This module implements high-performance container datatypes.  Currently,
there are two datatypes, :class:`deque` and :class:`defaultdict`, and
one datatype factory function, :func:`NamedTuple`. Python already
includes built-in containers, :class:`dict`, :class:`list`,
:class:`set`, and :class:`tuple`. In addition, the optional :mod:`bsddb`
module has a :meth:`bsddb.btopen` method that can be used to create in-memory
or file based ordered dictionaries with string keys.

Future editions of the standard library may include balanced trees and
ordered dictionaries.

.. versionchanged:: 2.5
   Added :class:`defaultdict`.

.. versionchanged:: 2.6
   Added :class:`NamedTuple`.


.. _deque-objects:

:class:`deque` objects
----------------------


.. class:: deque([iterable])

   Returns a new deque object initialized left-to-right (using :meth:`append`) with
   data from *iterable*.  If *iterable* is not specified, the new deque is empty.

   Deques are a generalization of stacks and queues (the name is pronounced "deck"
   and is short for "double-ended queue").  Deques support thread-safe, memory
   efficient appends and pops from either side of the deque with approximately the
   same O(1) performance in either direction.

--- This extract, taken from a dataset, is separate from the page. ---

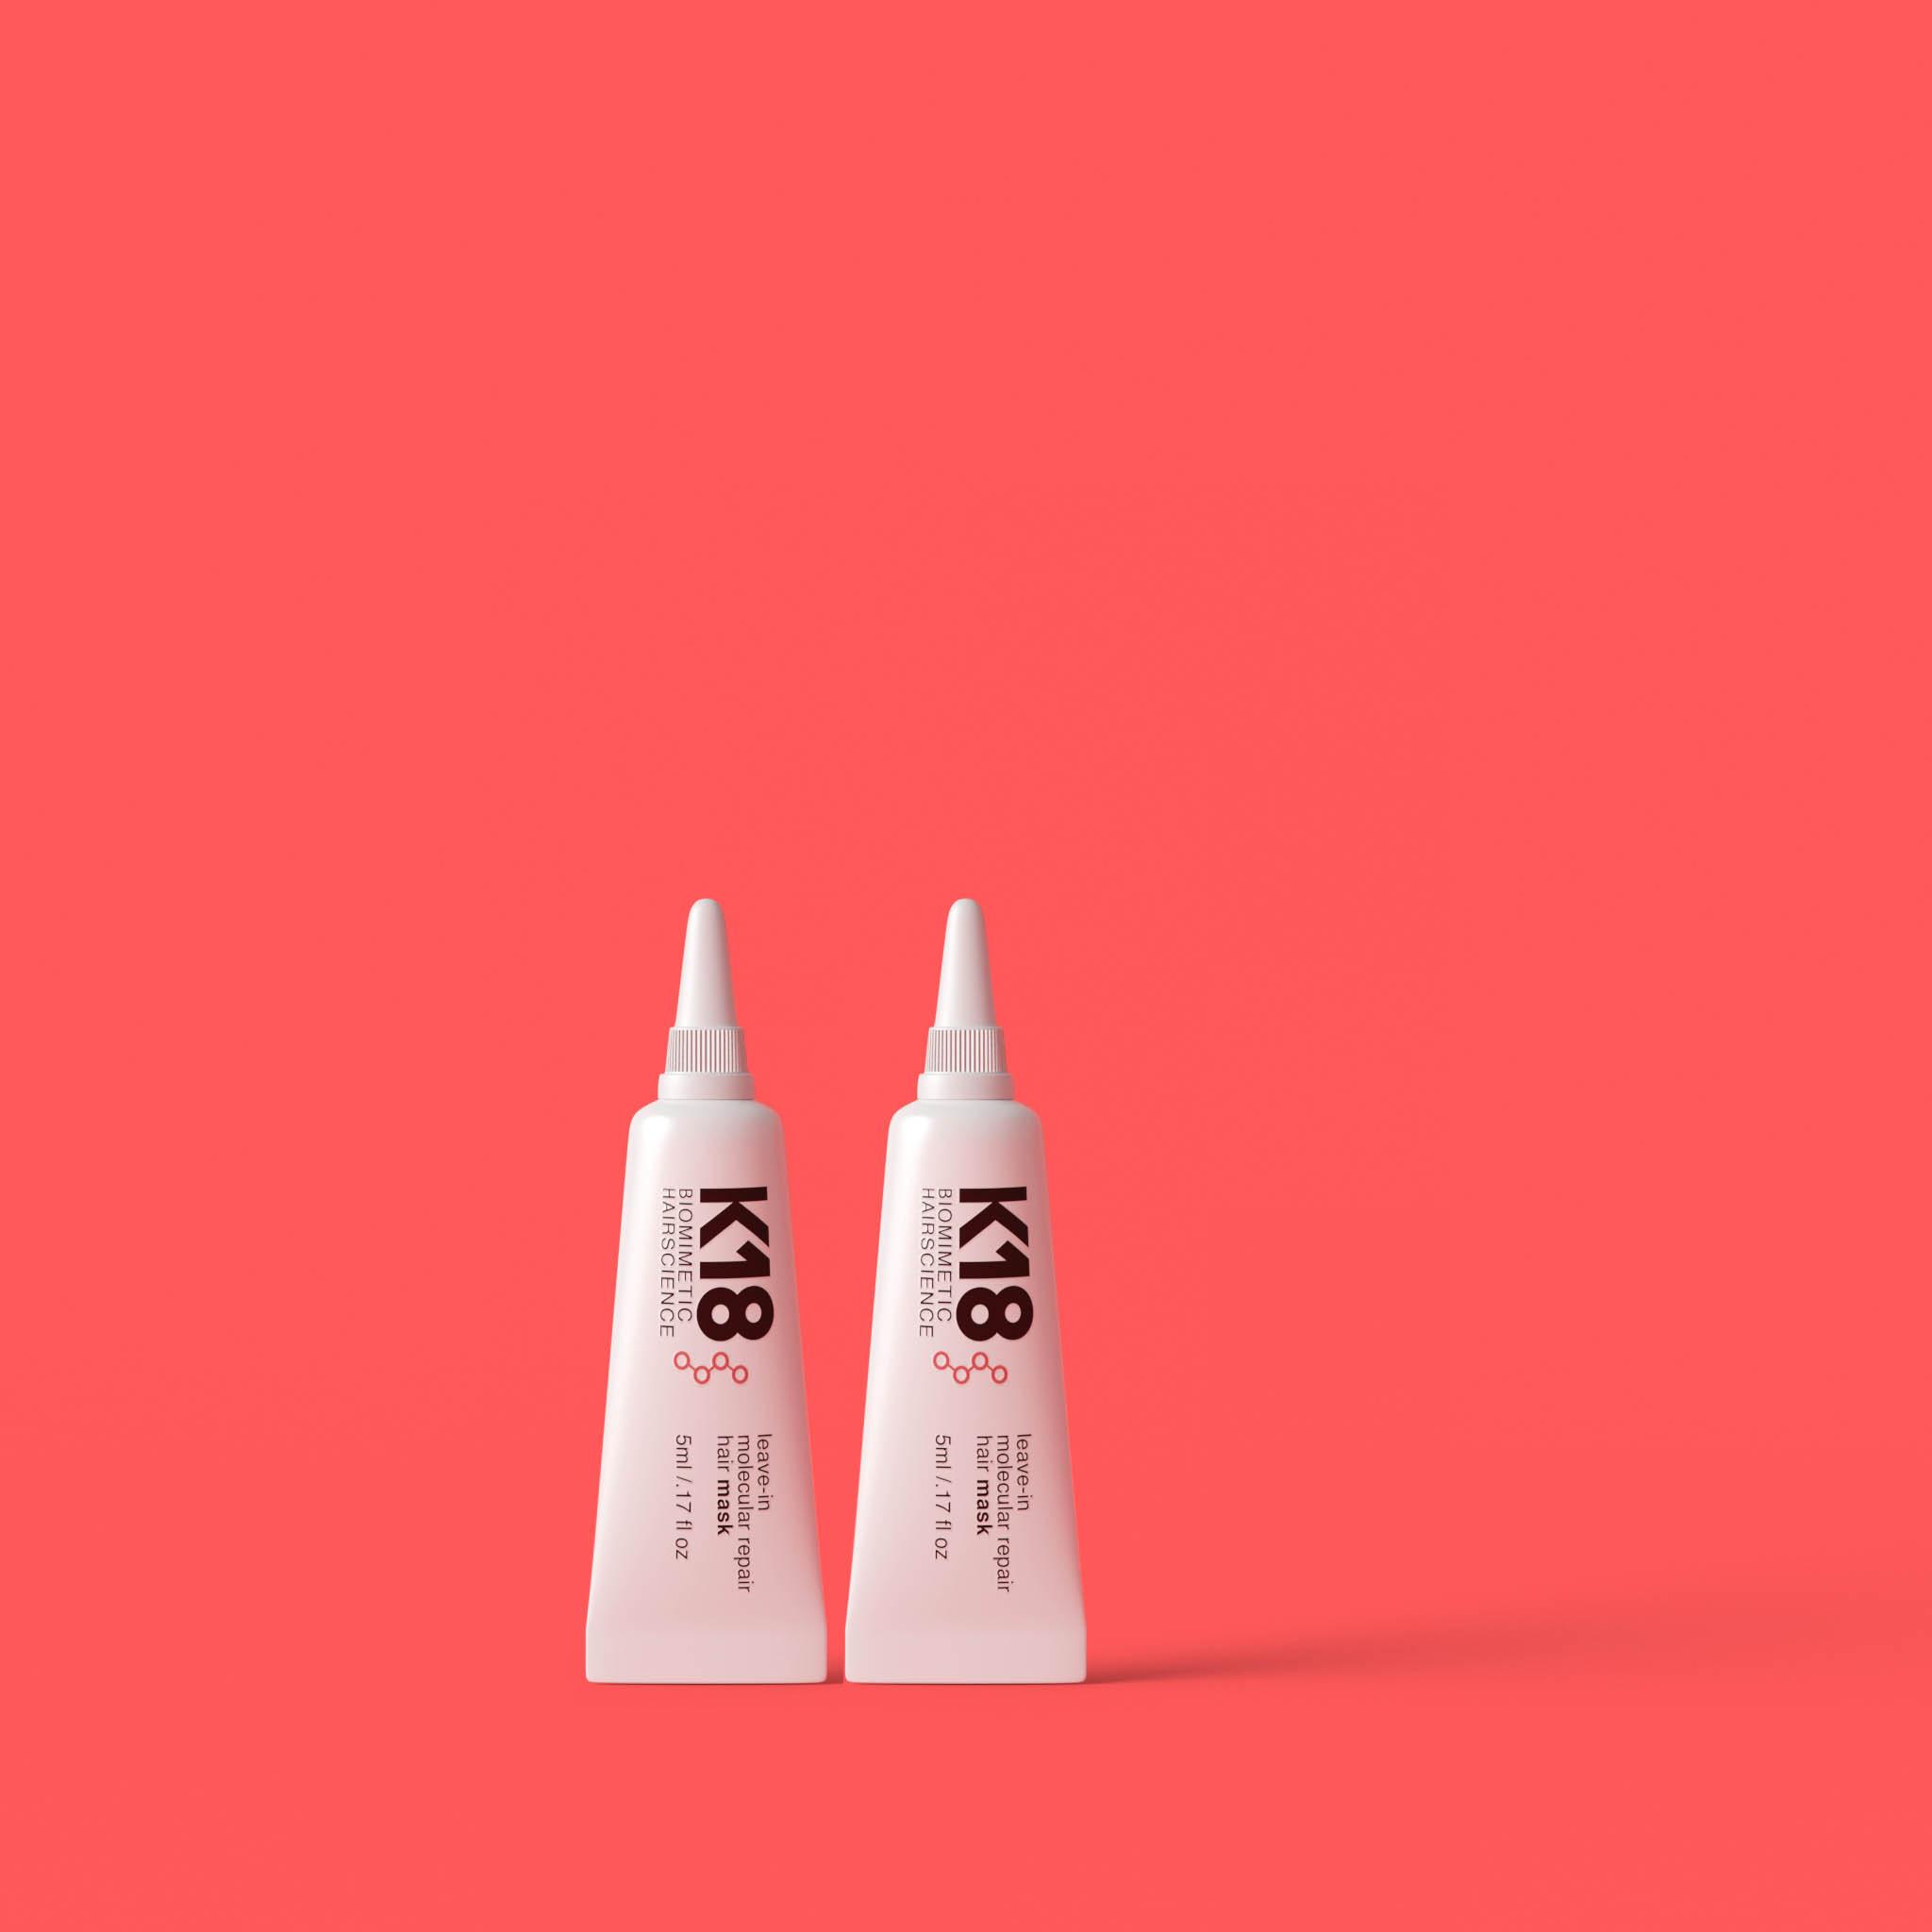 K18 Leave-in Molecular Repair Hair MASK 2 x 5ml DUO DEAL

   Though :class:`list` objects support similar operations, they are optimized for
   fast fixed-length operations and incur O(n) memory movement costs for
   ``pop(0)`` and ``insert(0, v)`` operations which change both the size and
   position of the underlying data representation.

   .. versionadded:: 2.4

Deque objects support the following methods:


.. method:: deque.append(x)

   Add *x* to the right side of the deque.


.. method:: deque.appendleft(x)

   Add *x* to the left side of the deque.


.. method:: deque.clear()

   Remove all elements from the deque leaving it with length 0.


.. method:: deque.extend(iterable)

   Extend the right side of the deque by appending elements from the iterable
   argument.


.. method:: deque.extendleft(iterable)

   Extend the left side of the deque by appending elements from *iterable*.  Note,
   the series of left appends results in reversing the order of elements in the
   iterable argument.


.. method:: deque.pop()

   Remove and return an element from the right side of the deque. If no elements
   are present, raises an :exc:`IndexError`.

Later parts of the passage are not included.